The failure to warn claim survives. Why? Here’s a quote from the case that is one of our least favorites (if we could edit Kruszka, this line gets serious red ink treatment): “If at least one treating physician, not necessarily the original prescriber of the drug, would have behaved differently, this is sufficient to survive summary judgment.” Id. at *44.

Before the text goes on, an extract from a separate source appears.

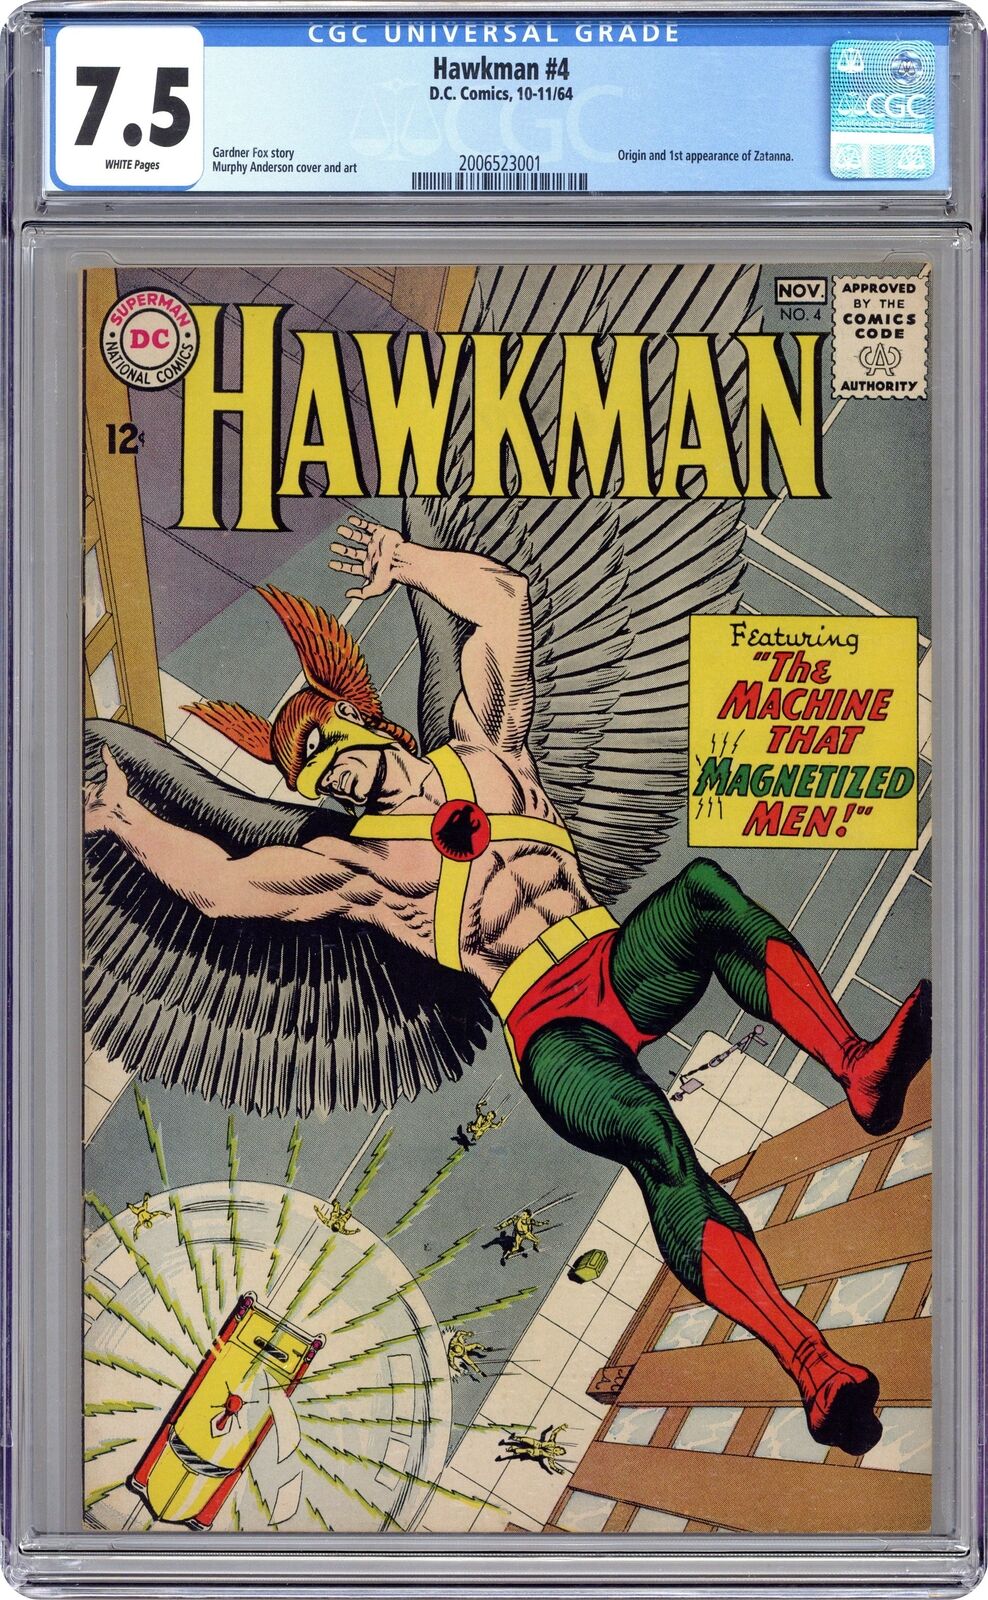 Hawkman #4 CGC 7.5 1964 2006523001 1st app. and origin Zatanna

Let’s end on a positive note or two, shall we? The breach of warranty claim was subsumed by the Minnesota strict liability claims and thus was dismissed. The plaintiff argued that the issue should be reserved for the jury charge conference. We do not see why and neither did the court. Id. at *46-47. Finally (at least “finally” for us, because we will pretend the last section of the opinion, which allowed the plaintiffs to proceed to trial with their punitive damages claim, does not exist), the court dismissed the negligent design defect claim. The plaintiff argued that the defendant failed to test for ONJ in its trial subjects and that a lower dose and duration might have been safer. The court held that the “fact that issues of duration and dose are contested is not enough to create a genuine issue of material fact on a design defect claim.” Id. at *49. The plaintiff proffered a 2003 company e-mail concerning the possibility of different dosages for Zometa. But “the fact that a different dose may be possible does not address whether a different dose of Aredia reduces the risk of ONJ without impairing Aredia’s usefulness.” Id. at *50.
We wouldn’t edit that reasoning even a little bit.